# DESCRIPTION OF THE TASK
Leave out the pictures and retype exactly the lines from the line with "Download Rebels R2" through the end of the listing below.

# GIVEN MATERIAL
-*-*-
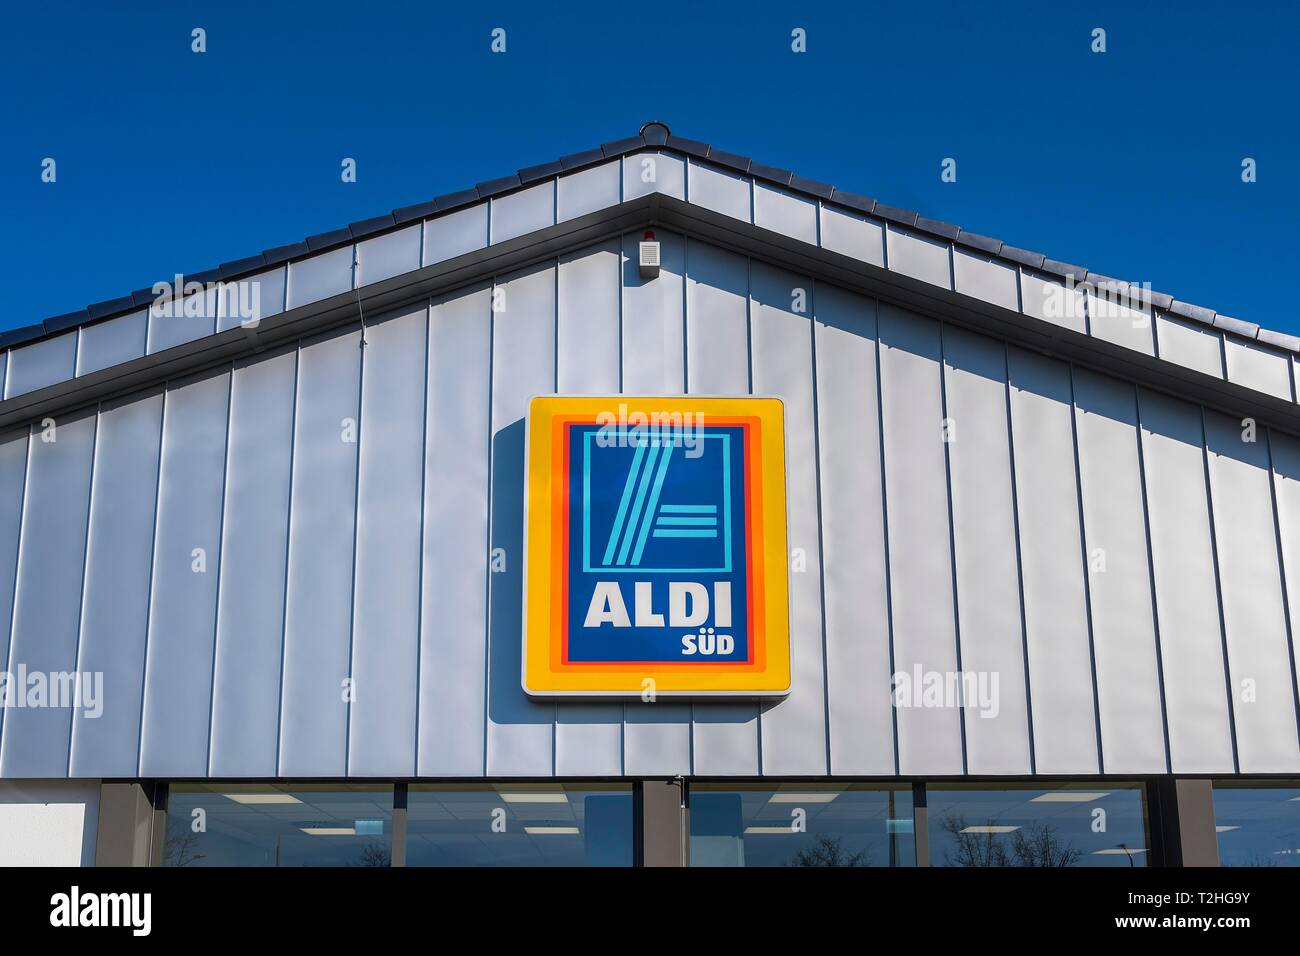 Aldi-Sud logo at the supermarket, Bavaria, Germany Stock Photo
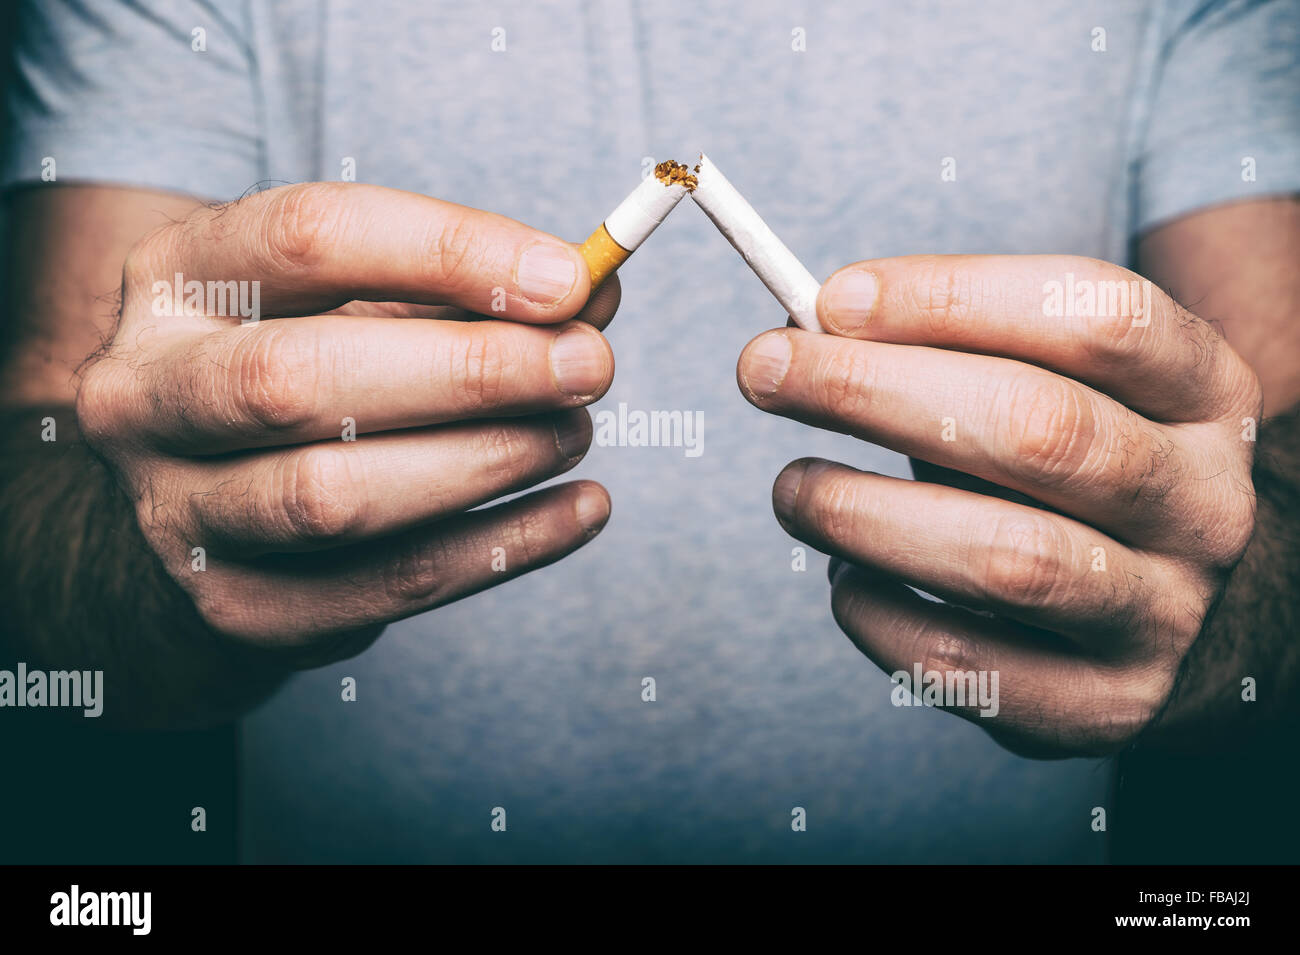 Quitting smoking - male hand crushing cigarette Stock Photo
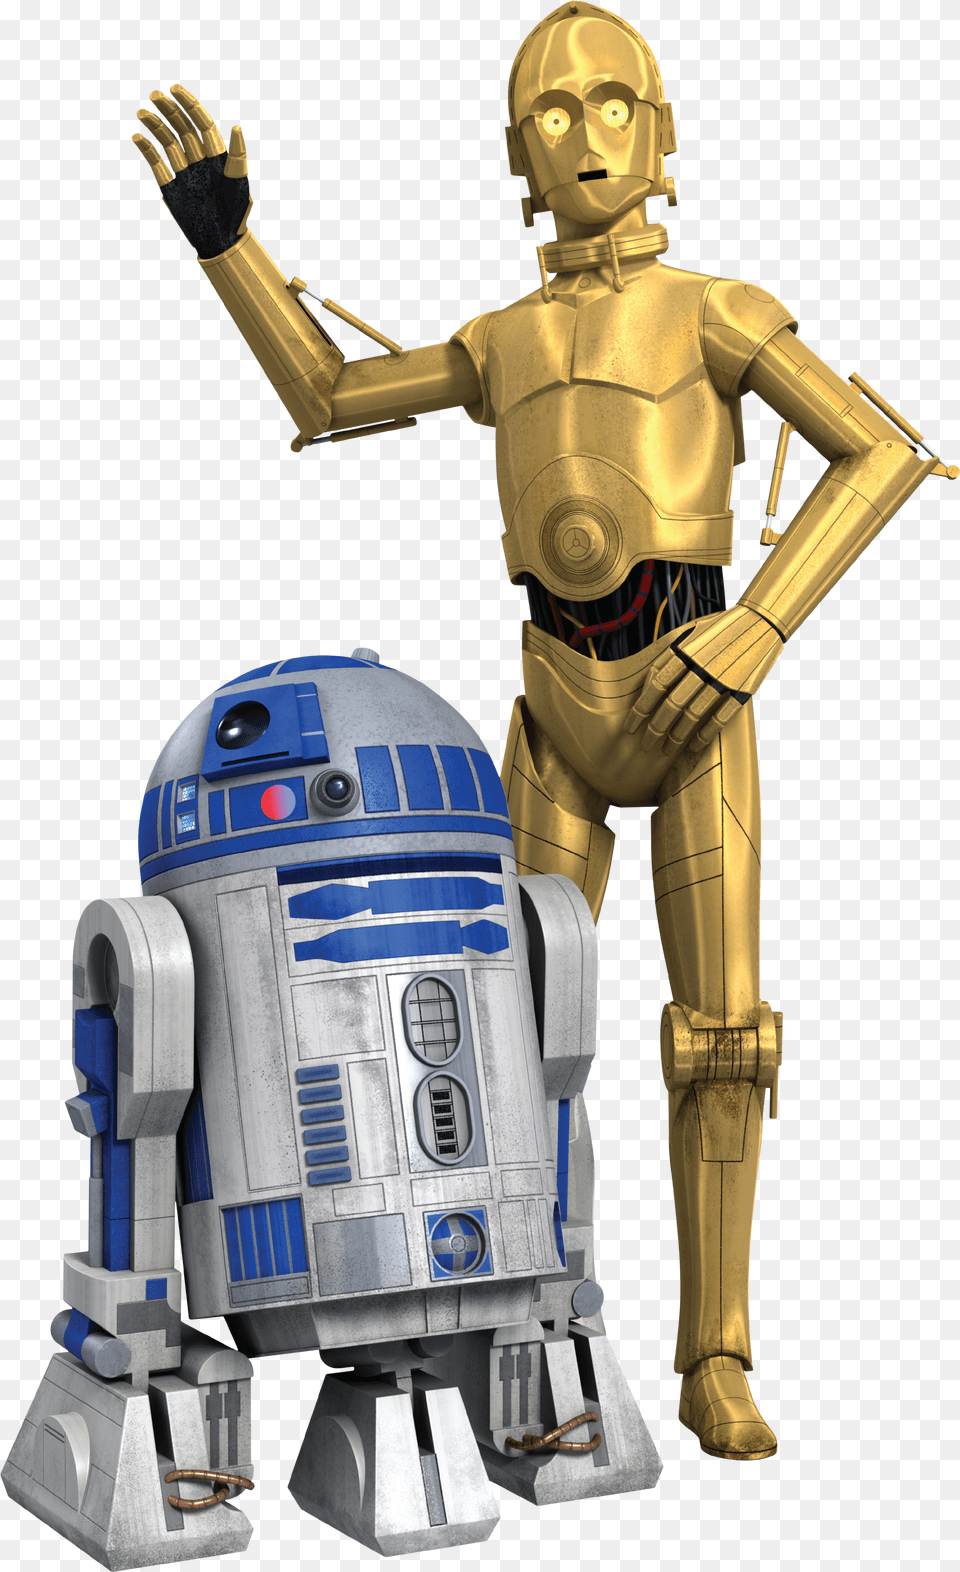 Download Rebels R2 D2 And C 3po Star Wars Rebels R2d2 Star Wars Rebels C3po Png
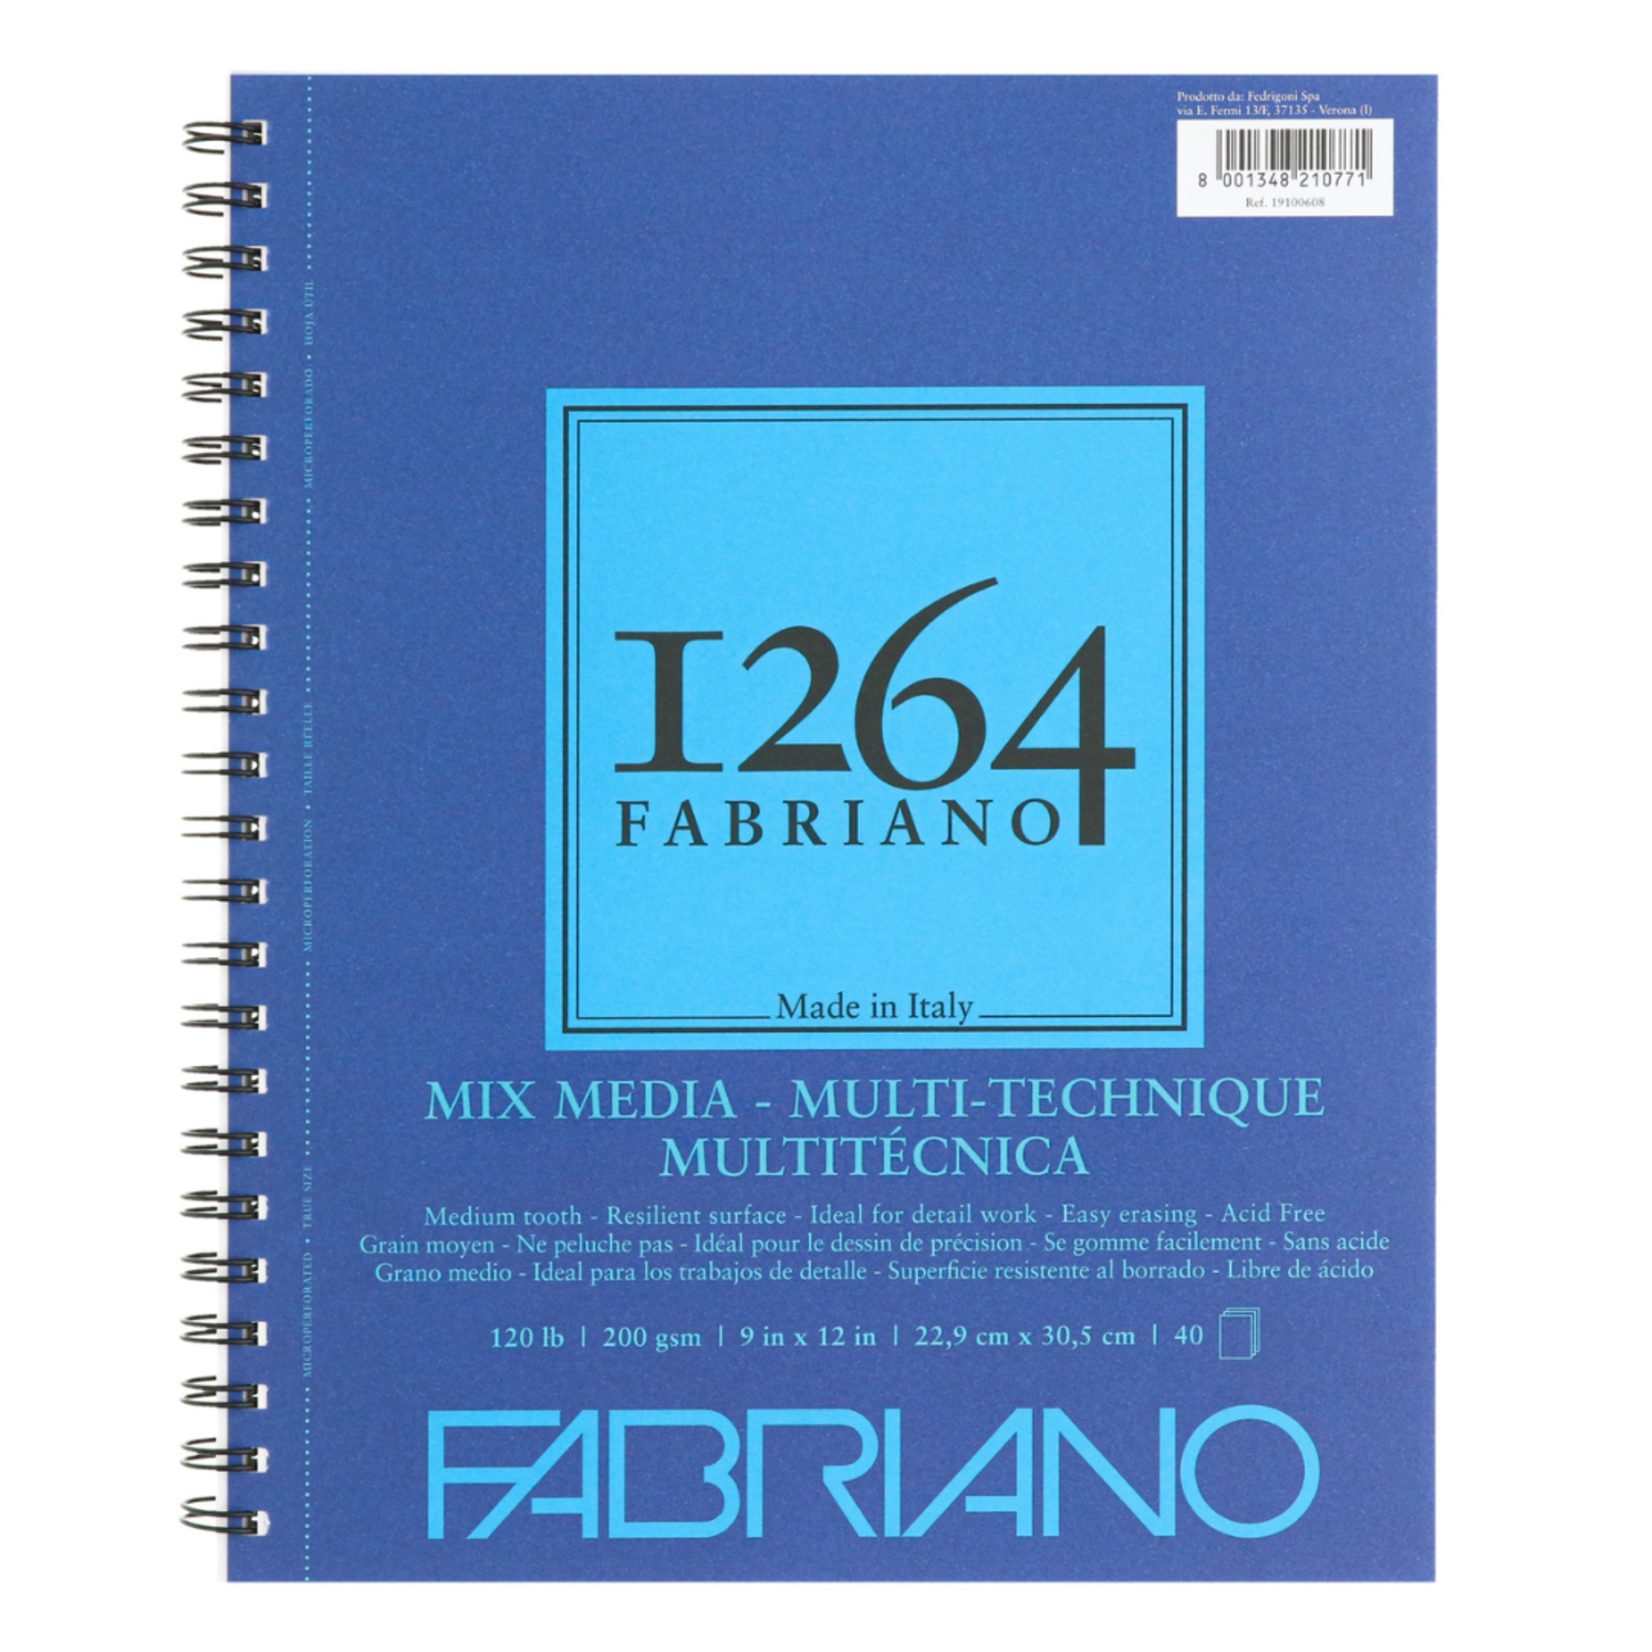 FABRIANO 1264 MIX MEDIA 120LB 9X12 40/SH
-*-*-
# OUTPUT FOR THIS TASK
 Download Rebels R2 D2 And C 3po Star Wars Rebels R2d2 Star Wars Rebels C3po Png
 FABRIANO 1264 MIX MEDIA 120LB 9X12 40/SH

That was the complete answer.